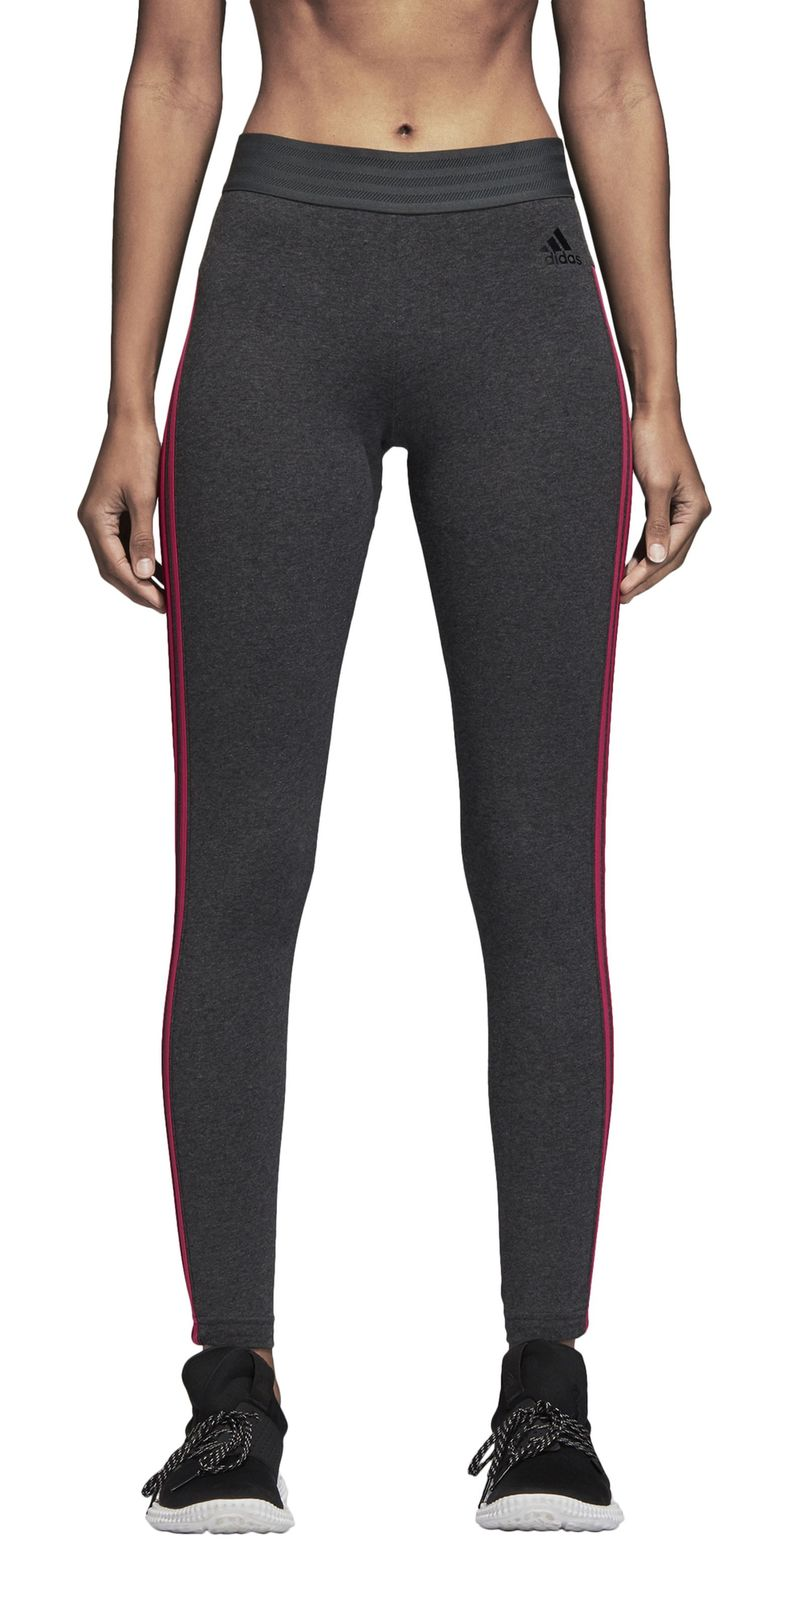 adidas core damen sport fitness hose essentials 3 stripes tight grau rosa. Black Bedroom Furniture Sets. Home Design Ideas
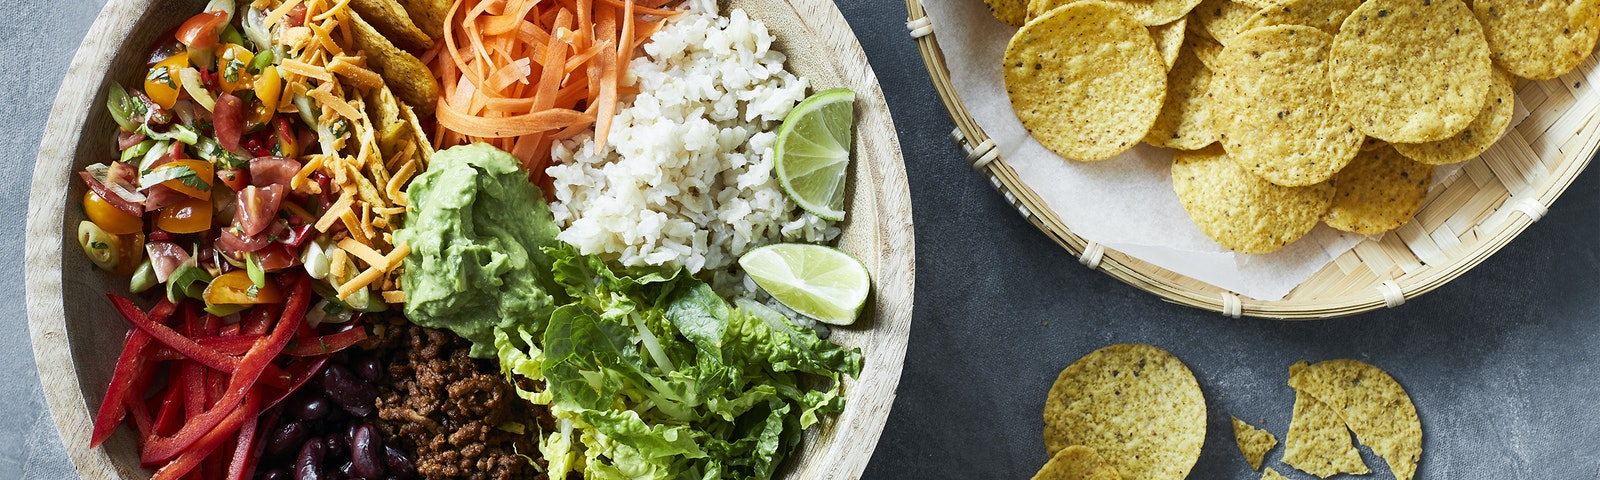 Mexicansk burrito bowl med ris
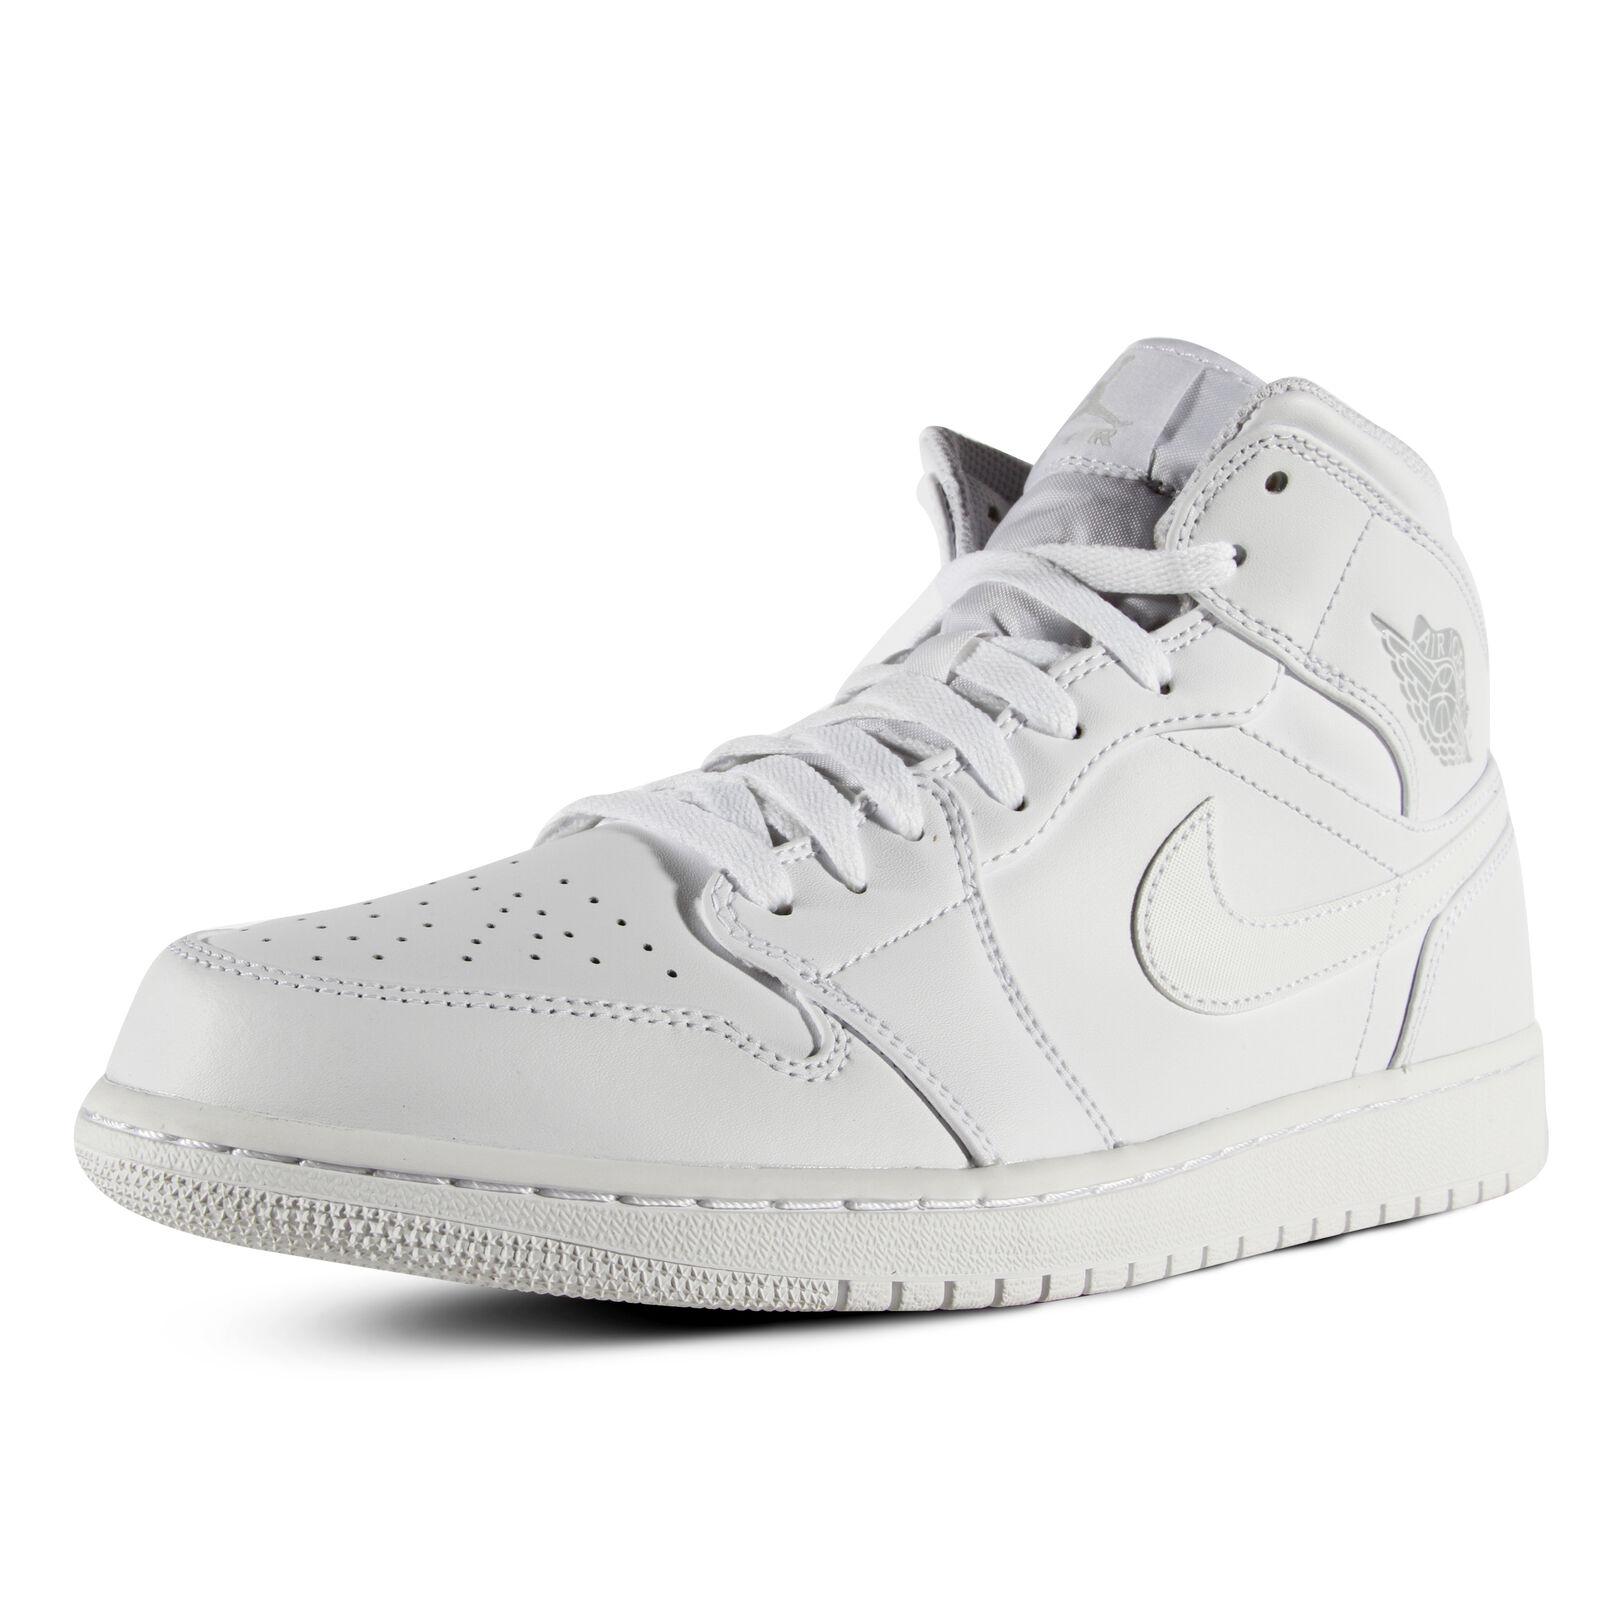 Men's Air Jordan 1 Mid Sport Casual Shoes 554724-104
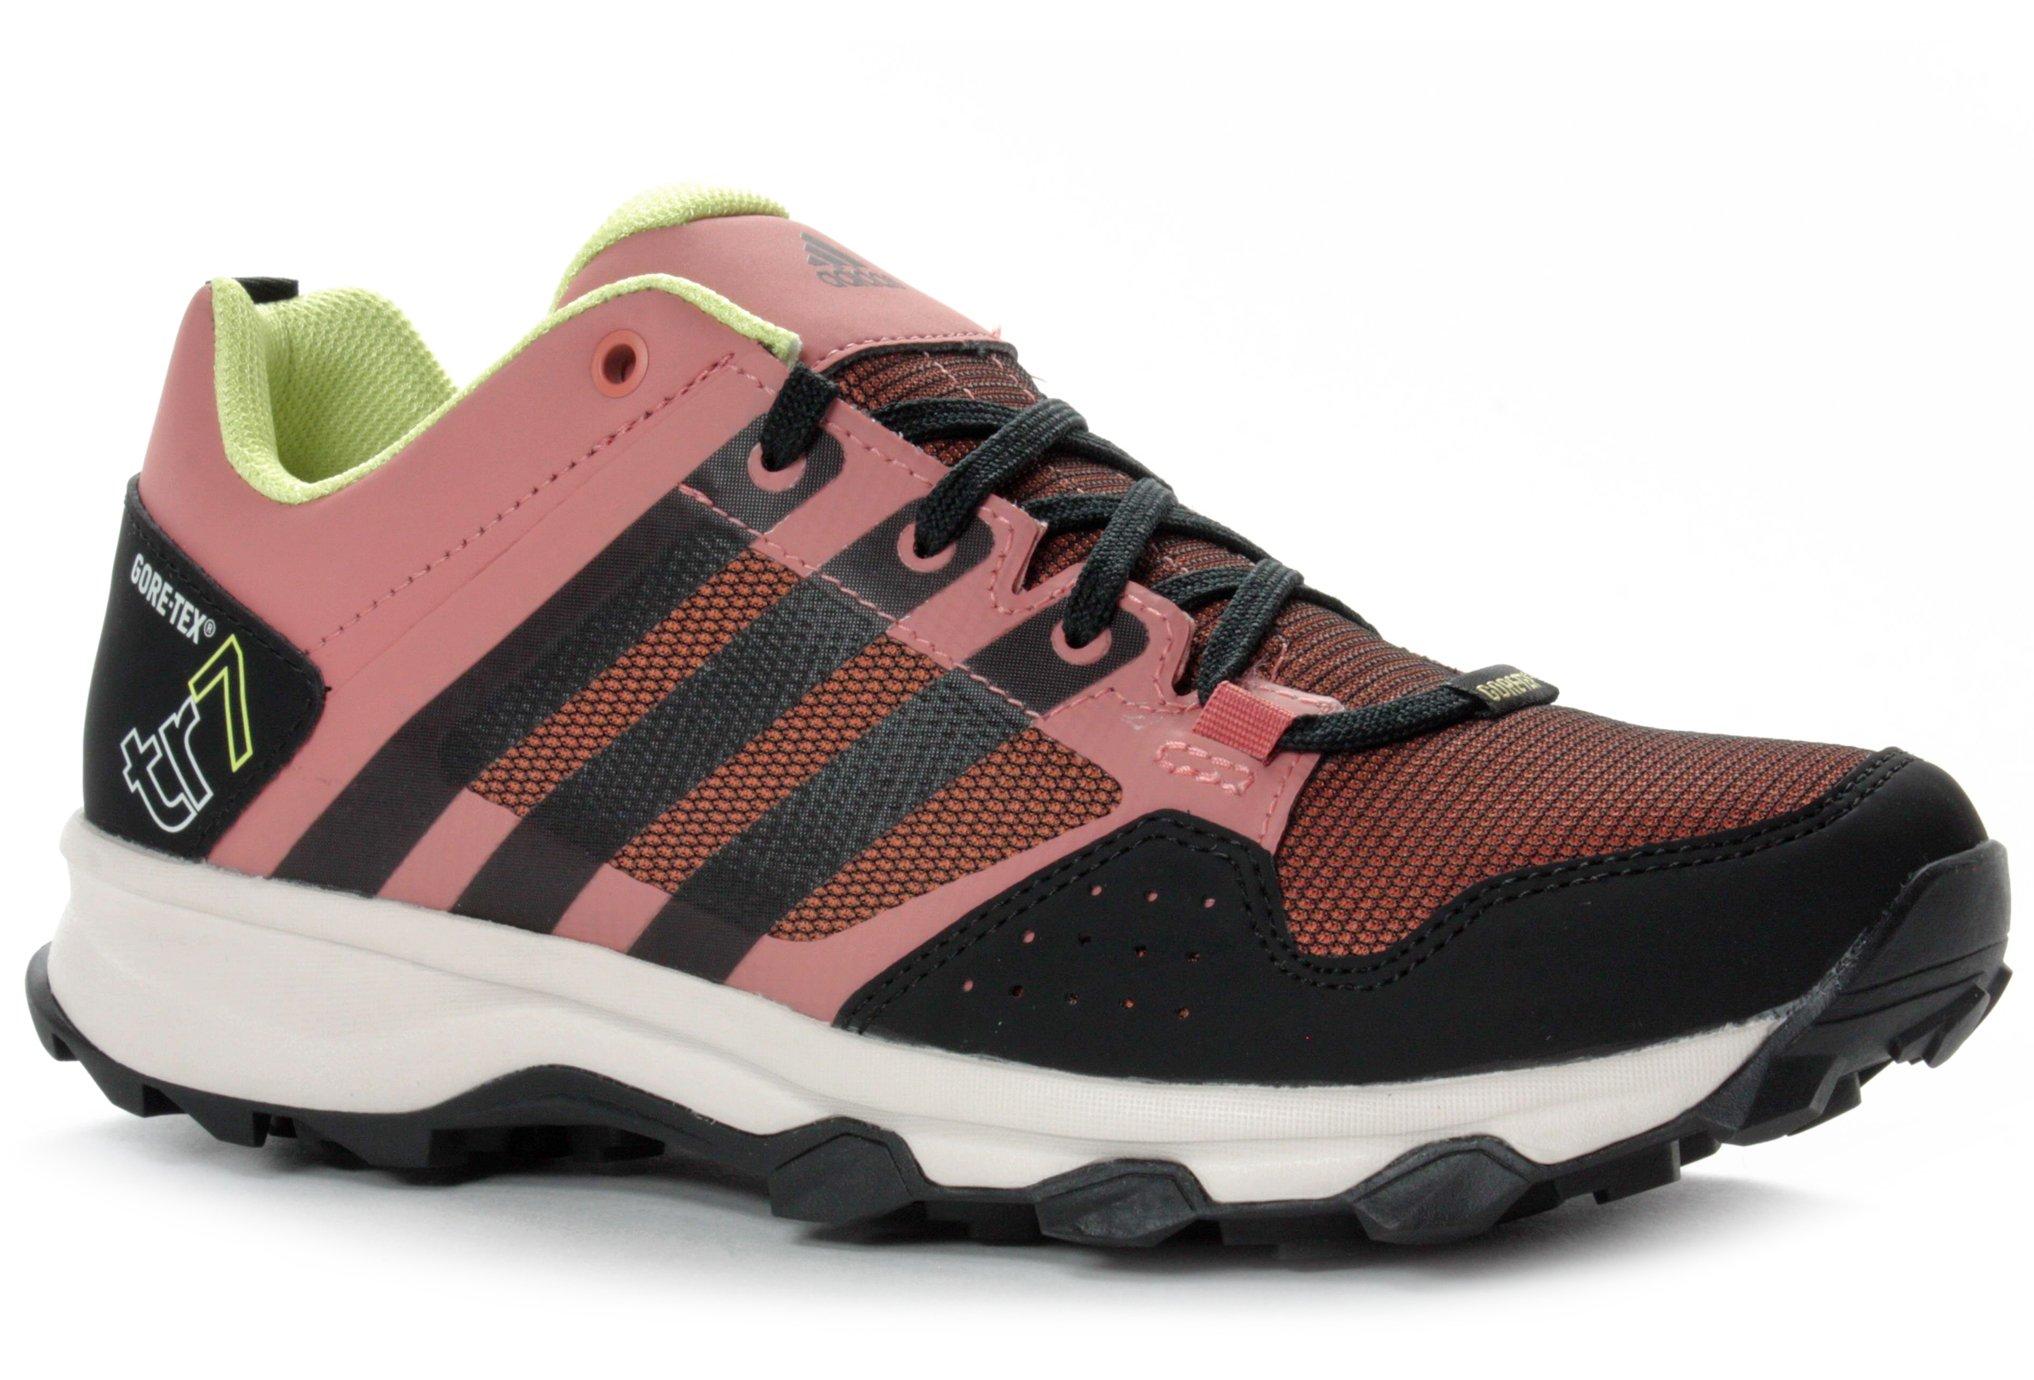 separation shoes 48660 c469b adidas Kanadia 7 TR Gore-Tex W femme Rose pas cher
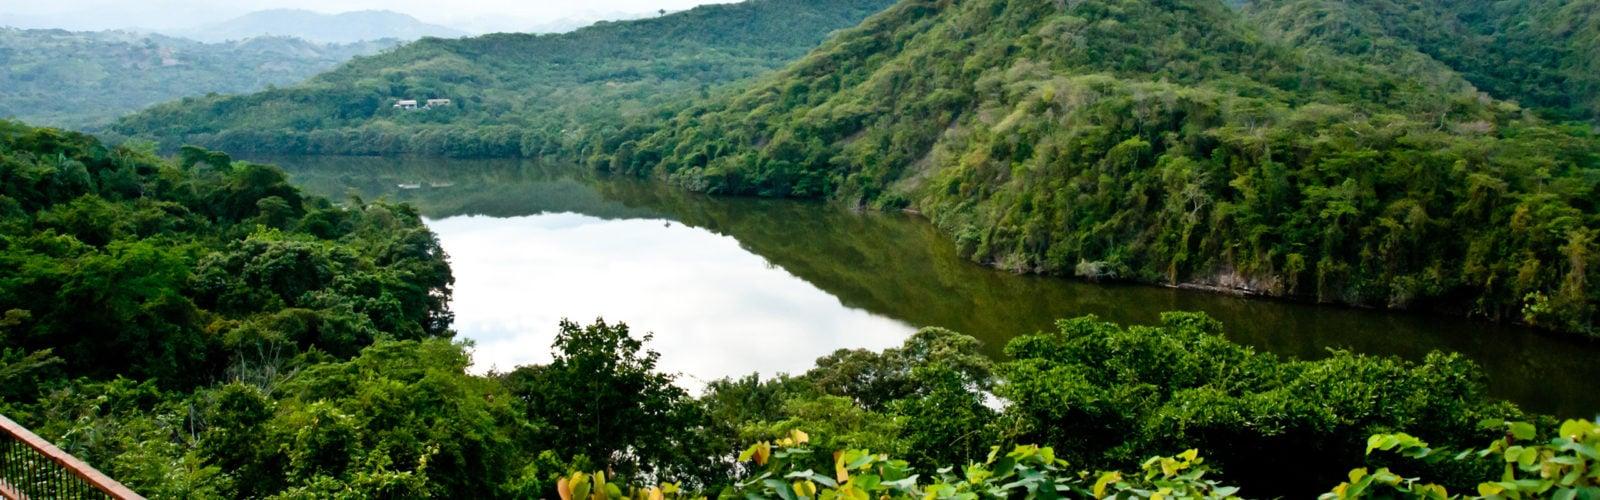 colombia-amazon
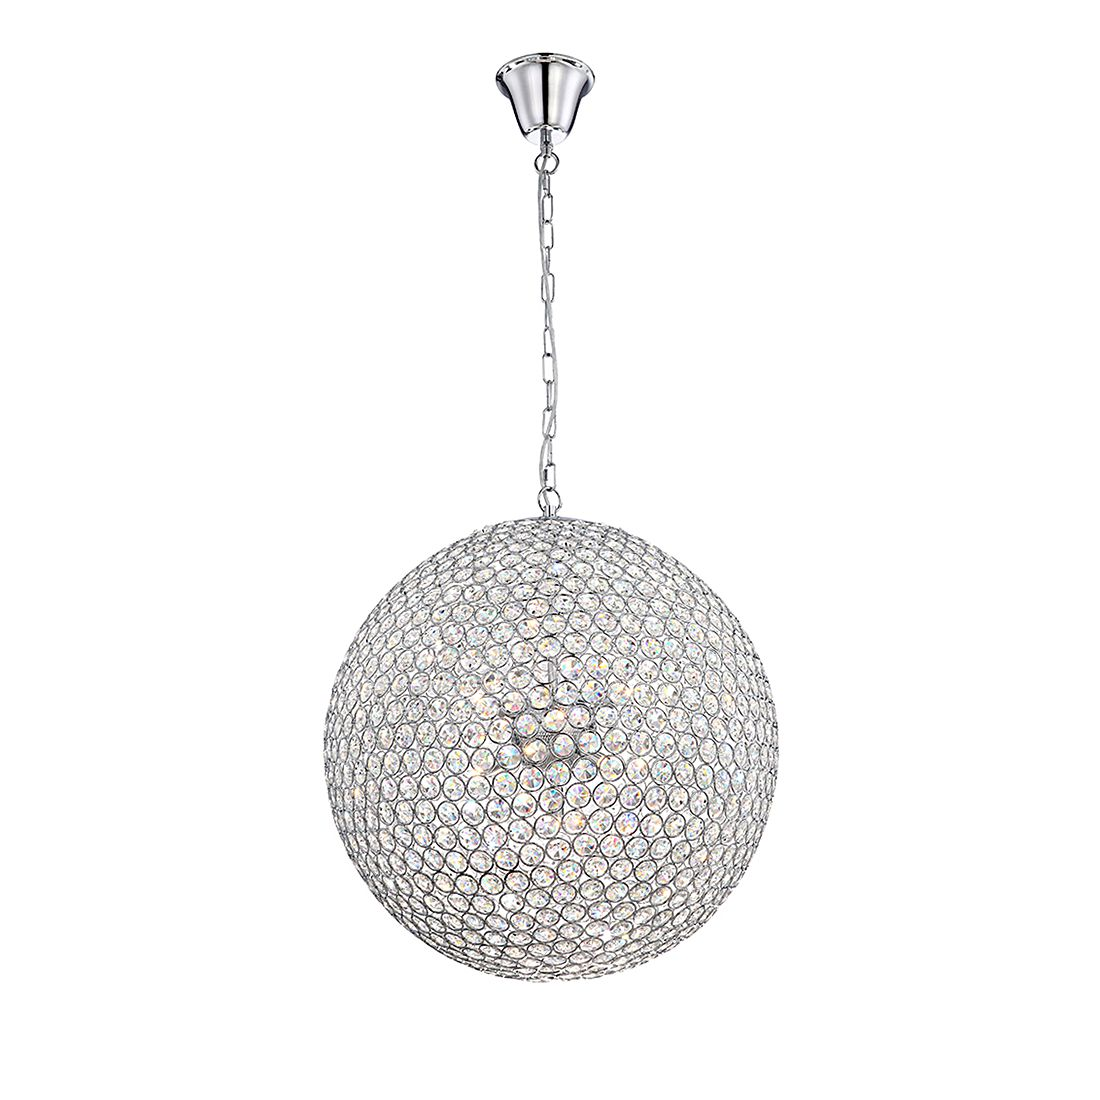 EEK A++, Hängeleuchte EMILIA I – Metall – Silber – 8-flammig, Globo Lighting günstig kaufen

————

» Work request:
Starting at the line that holds "colombia-amazon", copy each line exactly through the end of the material above, keeping both ends and dropping the pictures.

» Answer space:
 colombia-amazon
 EEK A++, Hängeleuchte EMILIA I – Metall – Silber – 8-flammig, Globo Lighting günstig kaufen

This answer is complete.